▸ **What is expected**
For this exercise, repeat exactly the lines below starting at the line holding "karlsplatz-munique-alemanha" and ending at the line holding "Flaga India i", both included, with no extra lines and no pictures.

[Saved data entries]
--*--
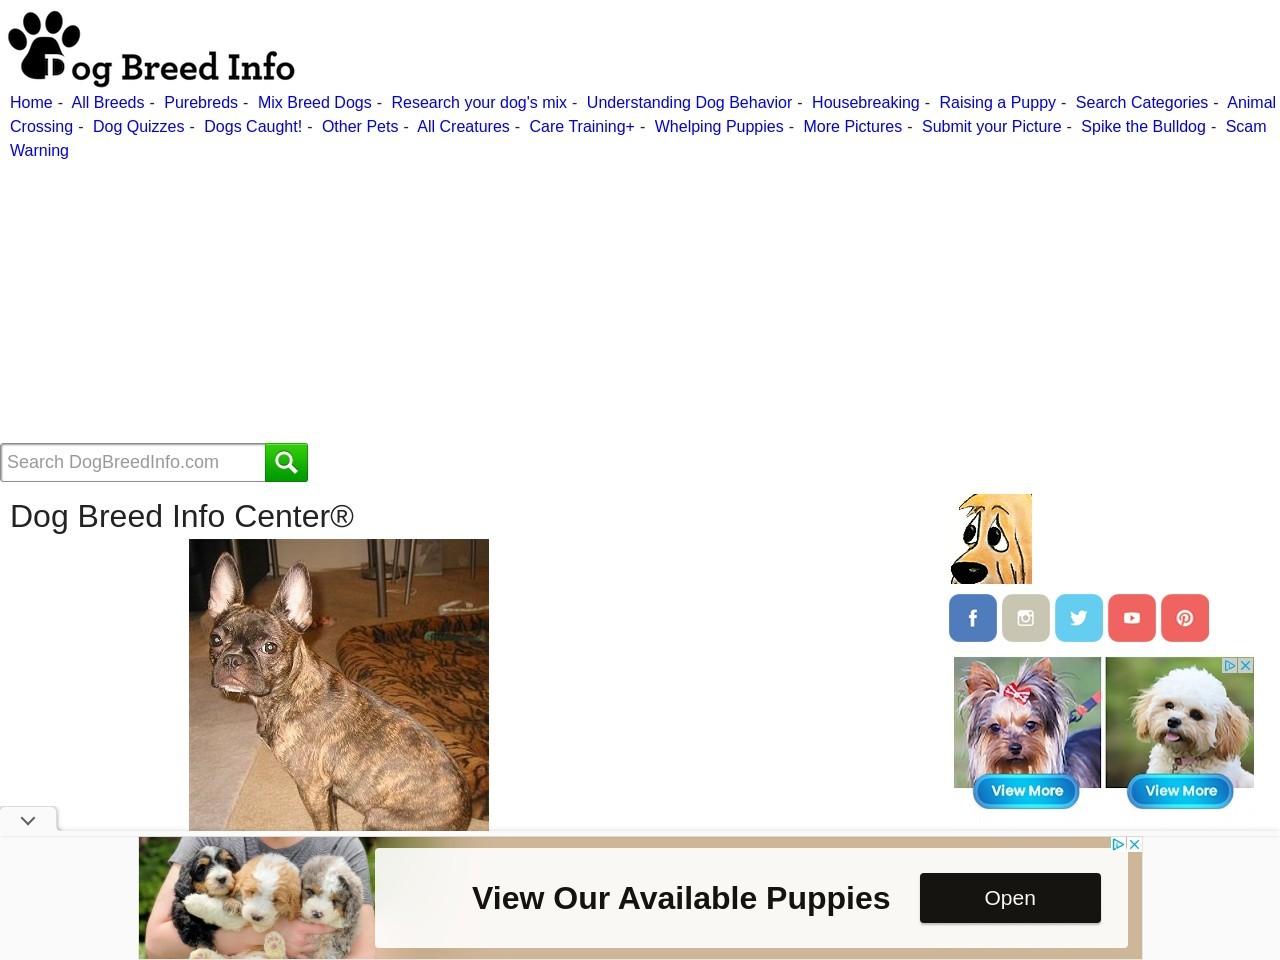 dogbreedinfo.com
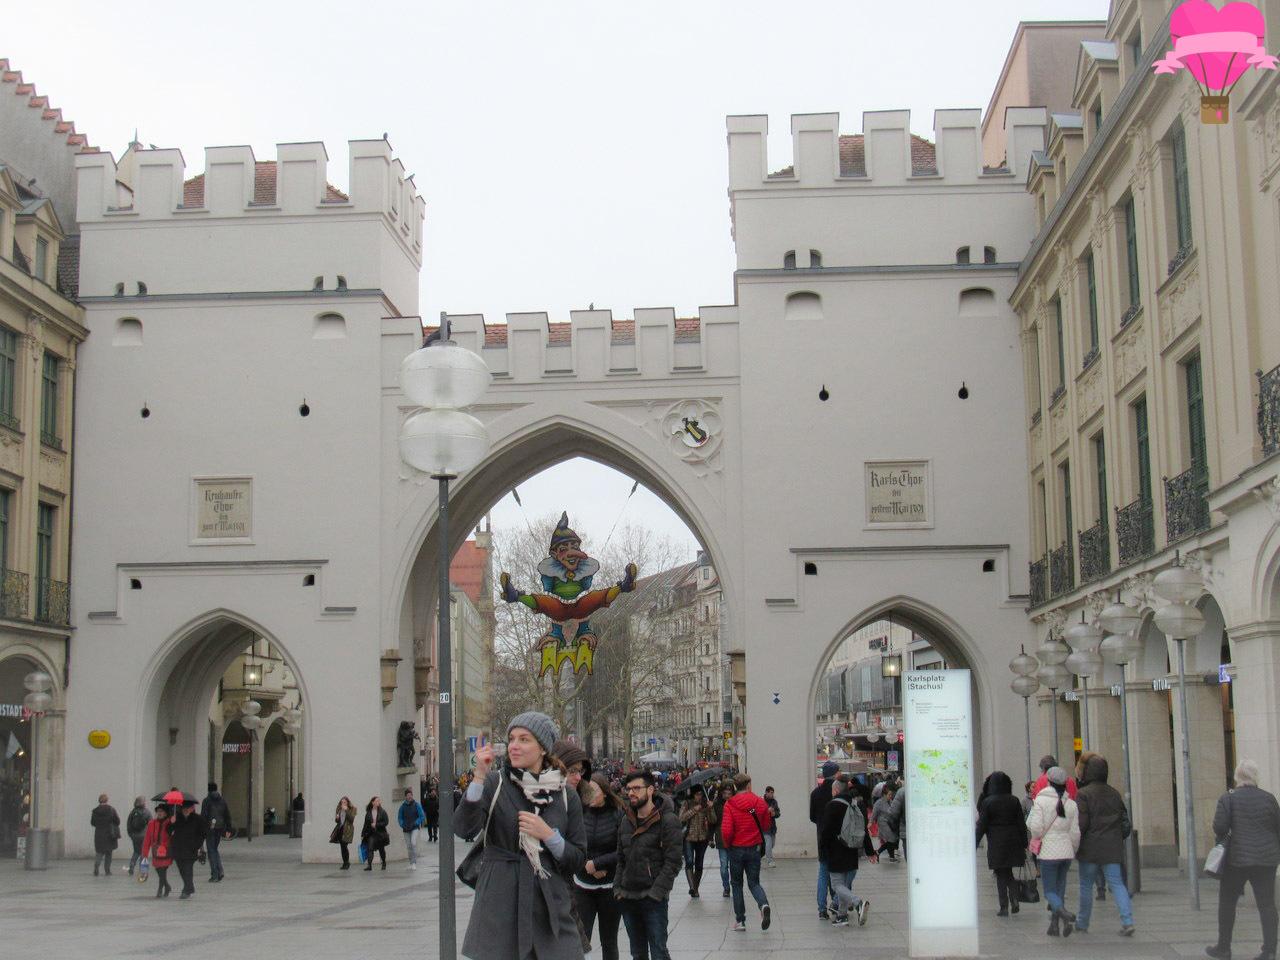 karlsplatz-munique-alemanha
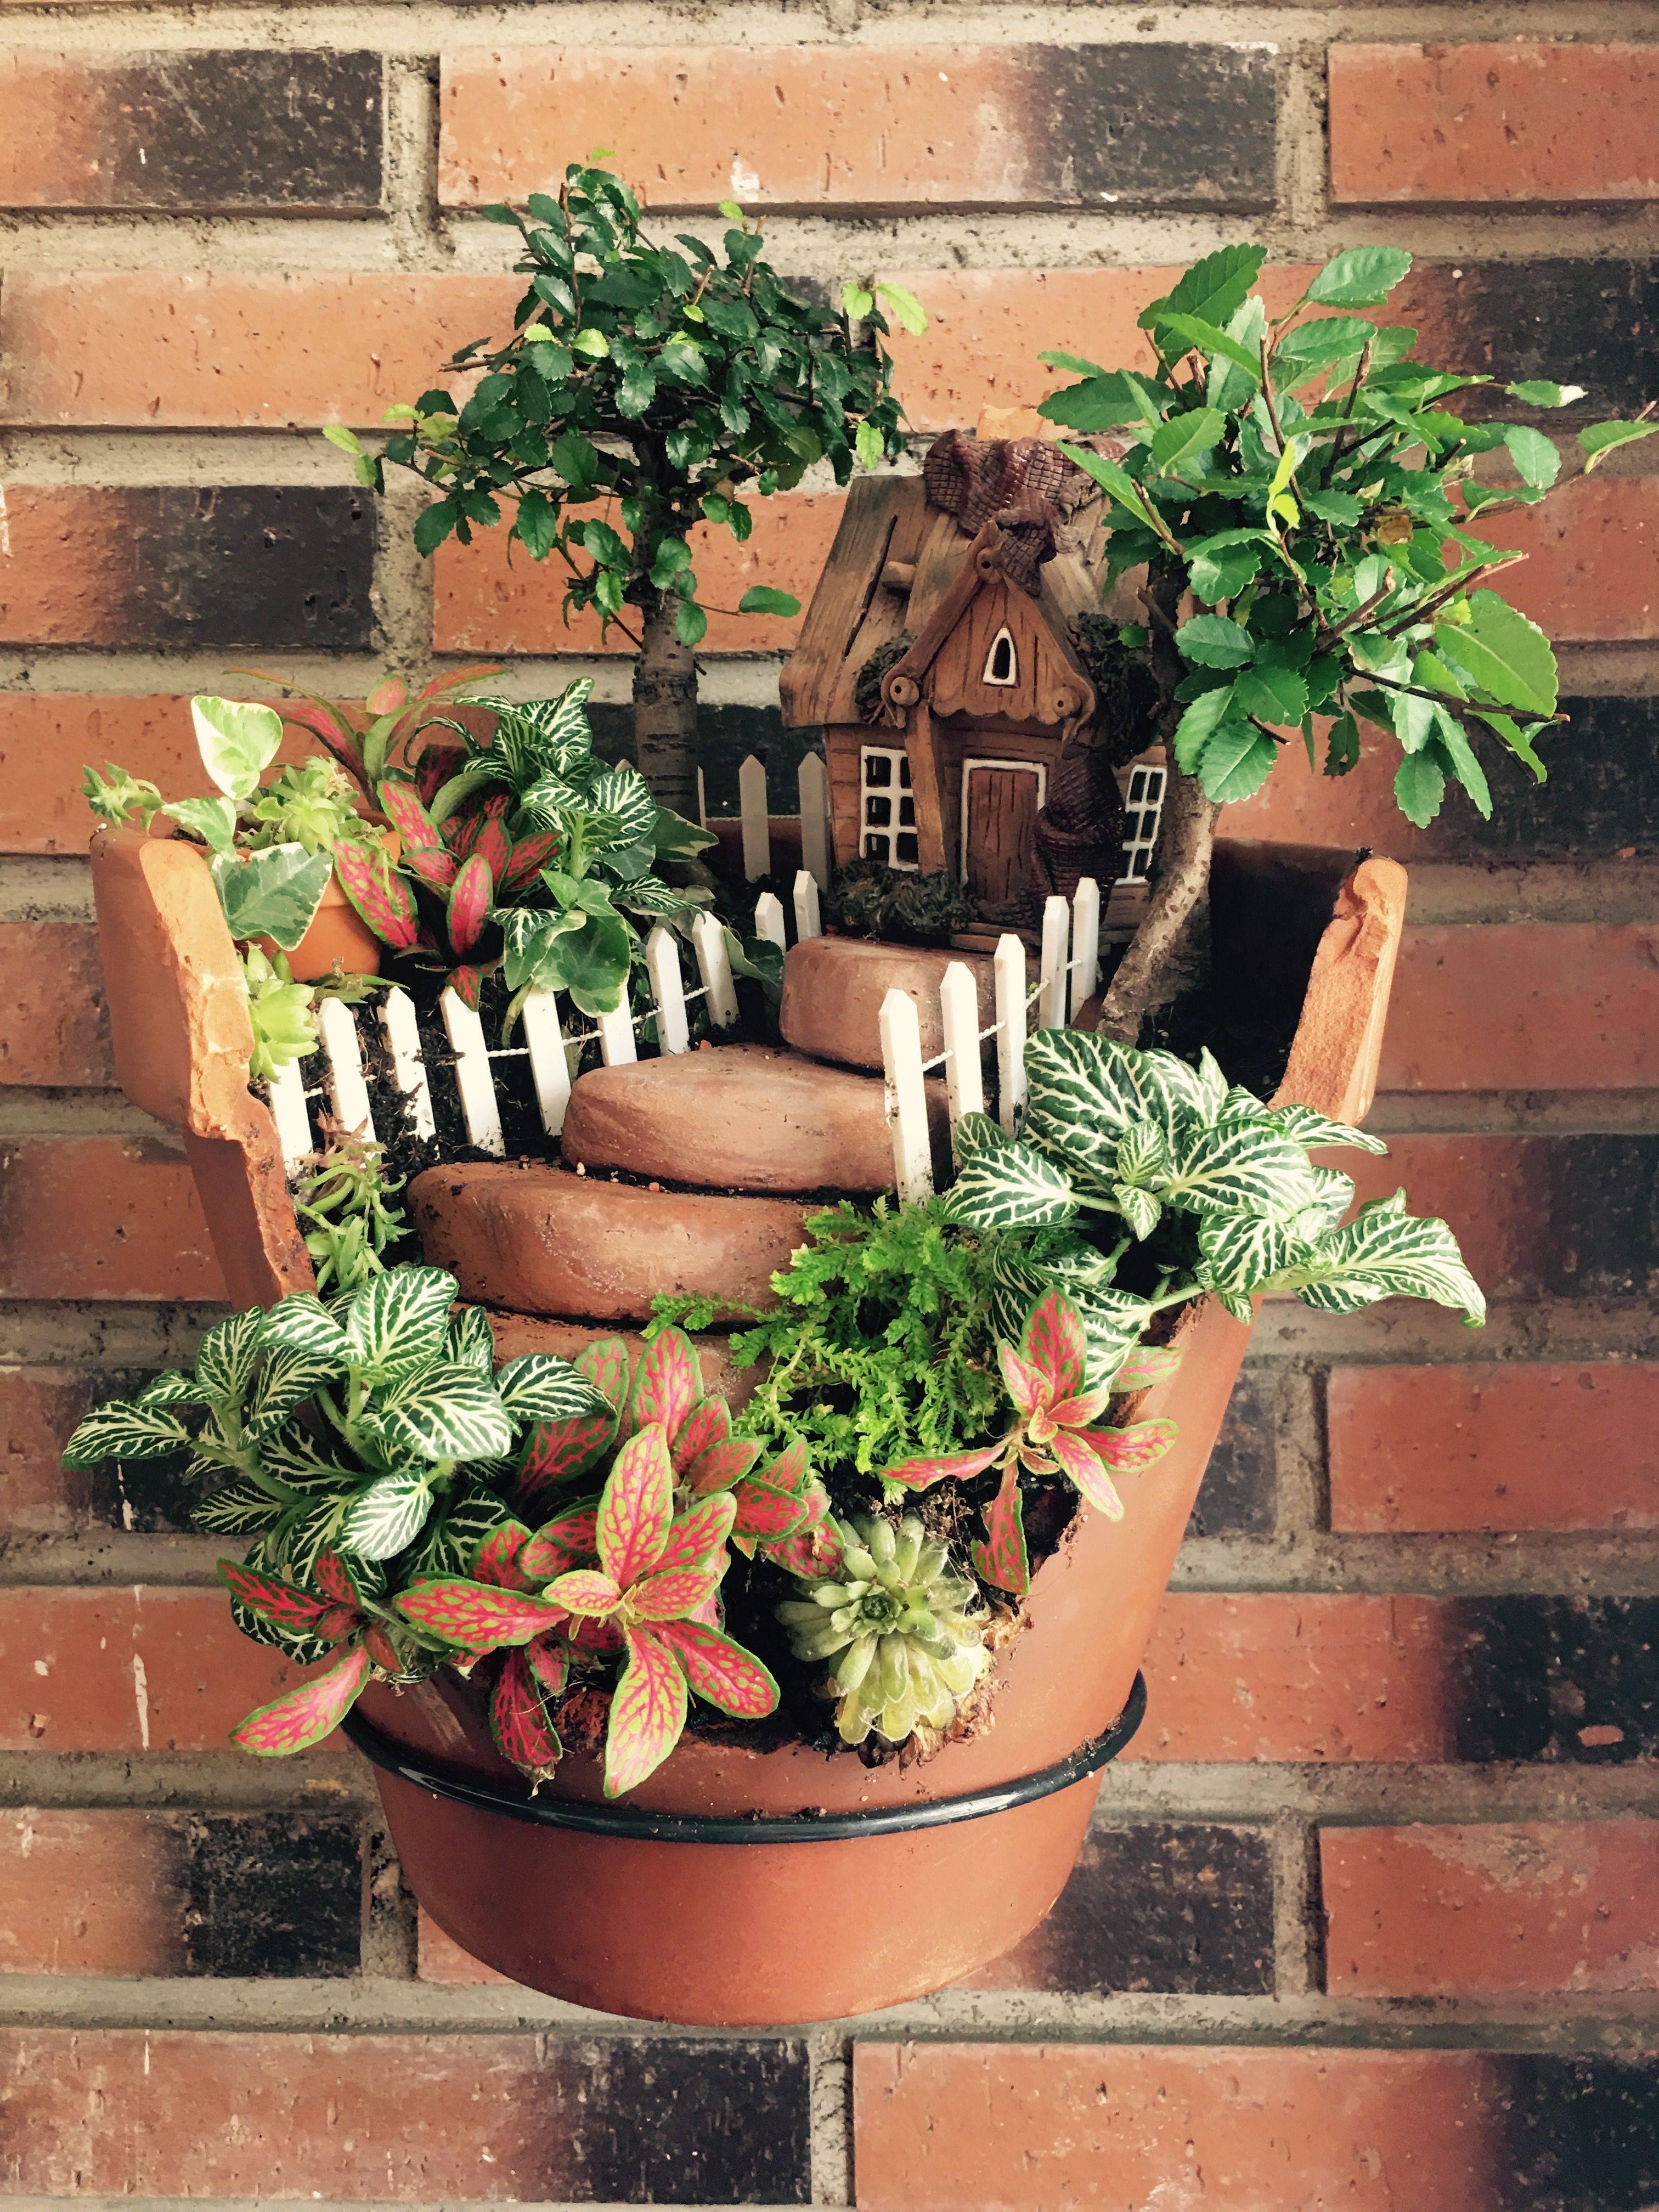 10 лучших комнатных растений для начинающих. уход в домашних условиях. фото — ботаничка.ru
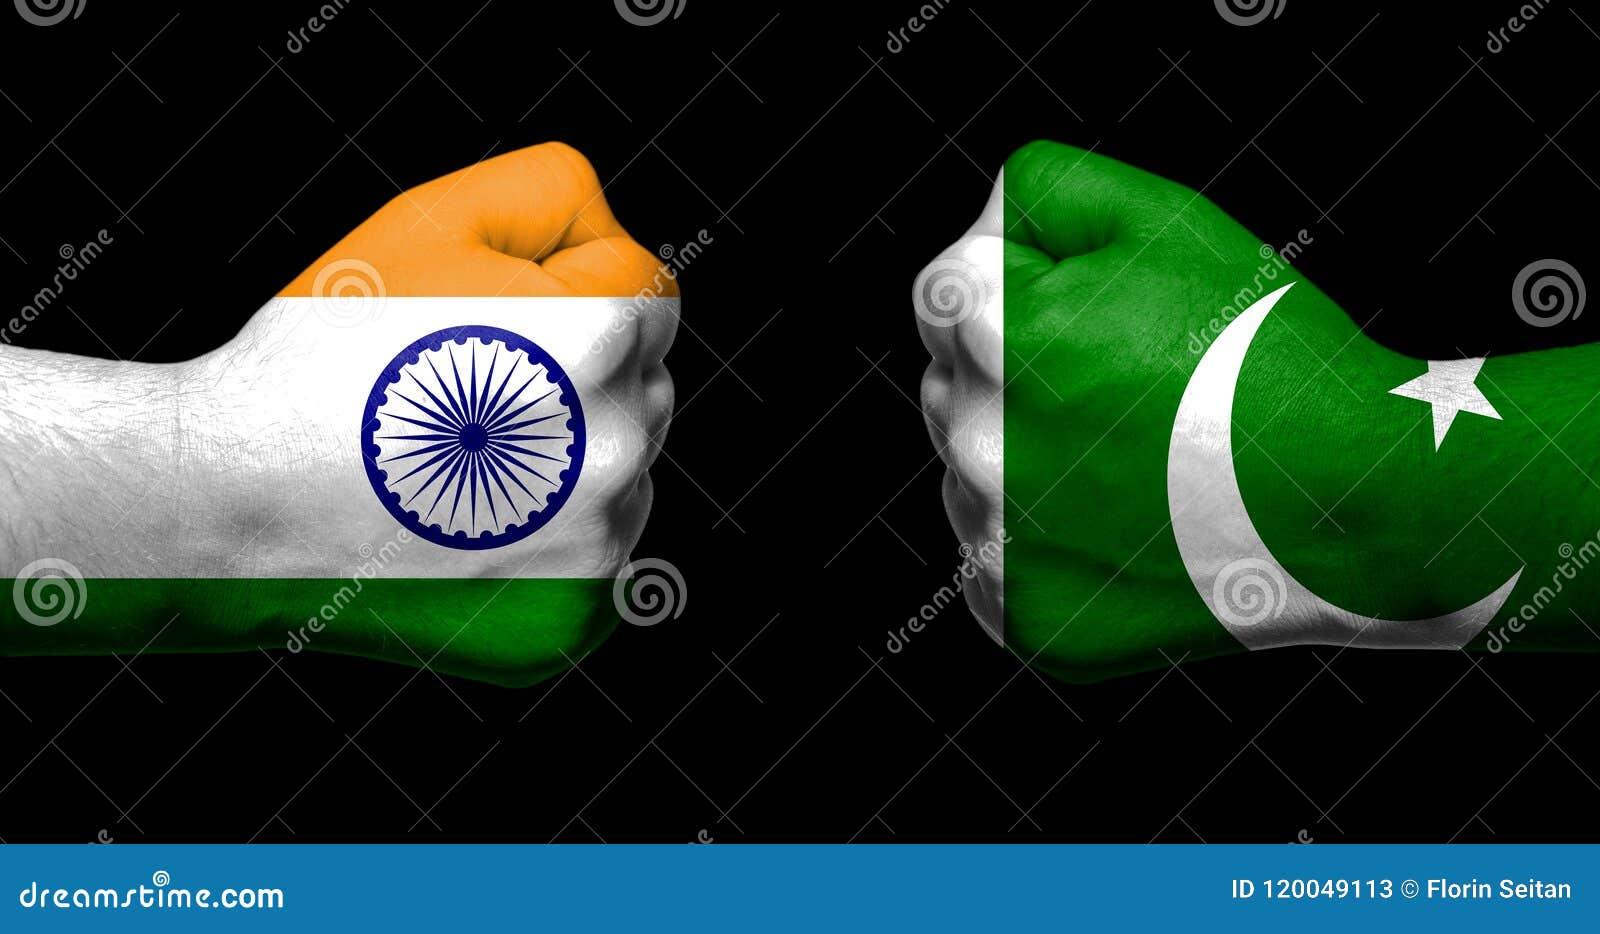 Flaga India i Pakistan malujący na dwa zaciskali pięści stawia czoło each inny na czarnym tła, powiązań pojęciu/India, Pakistan -
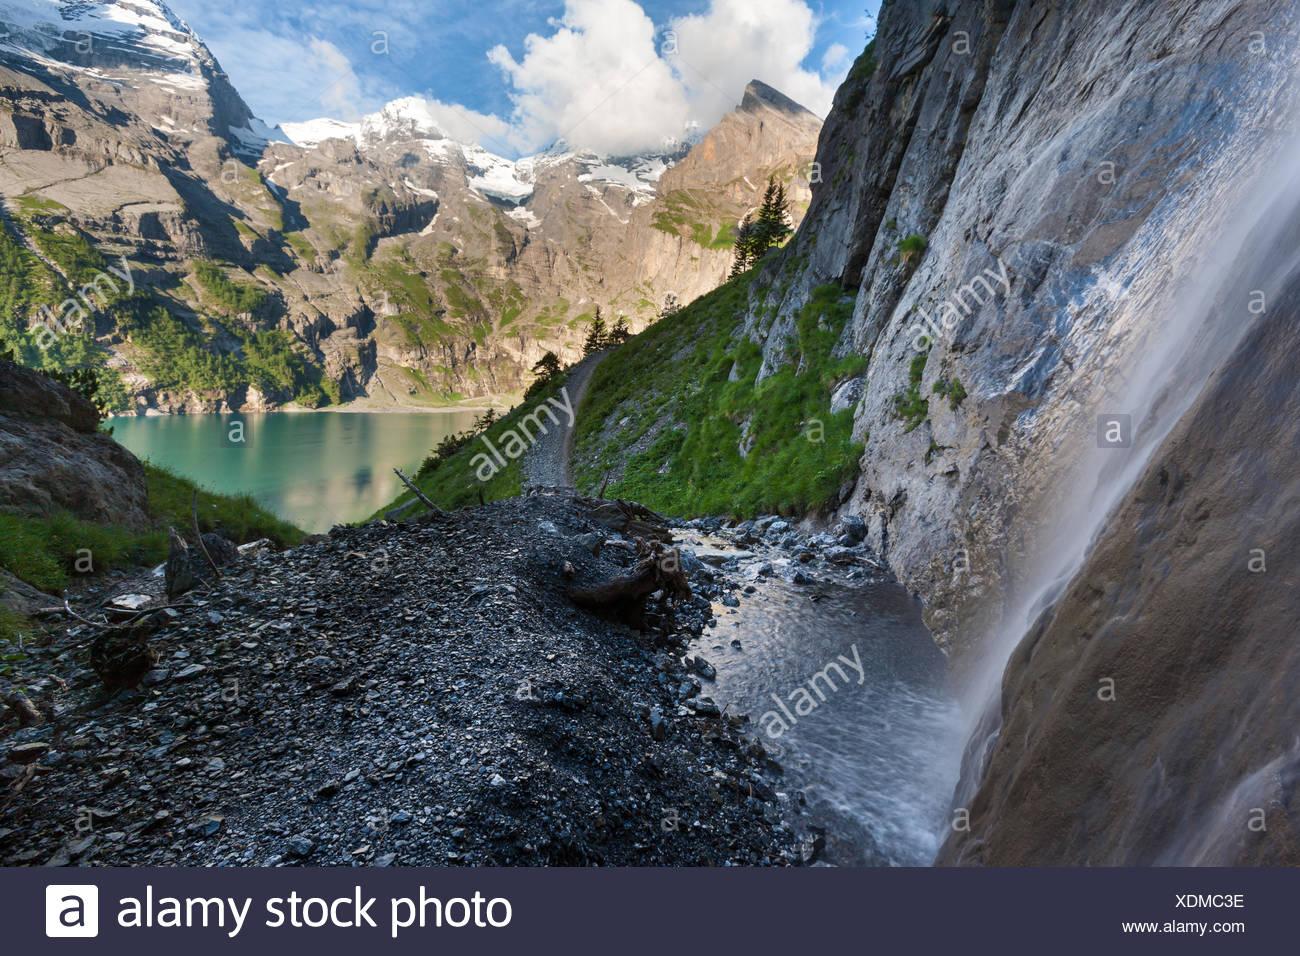 Lago de Oeschinen, Suiza, Europa, cantón de Berna, en el Oberland Bernés Kandertal, Mountain Lake, Lago, montañas, cascadas Foto de stock
--*--
▸ **Task solution**
 karlsplatz-munique-alemanha
 10 лучших комнатных растений для начинающих. уход в домашних условиях. фото — ботаничка.ru
 Flaga India i Pakistan malujący na dwa zaciskali pięści stawia czoło each inny na czarnym tła, powiązań pojęciu/India, Pakistan -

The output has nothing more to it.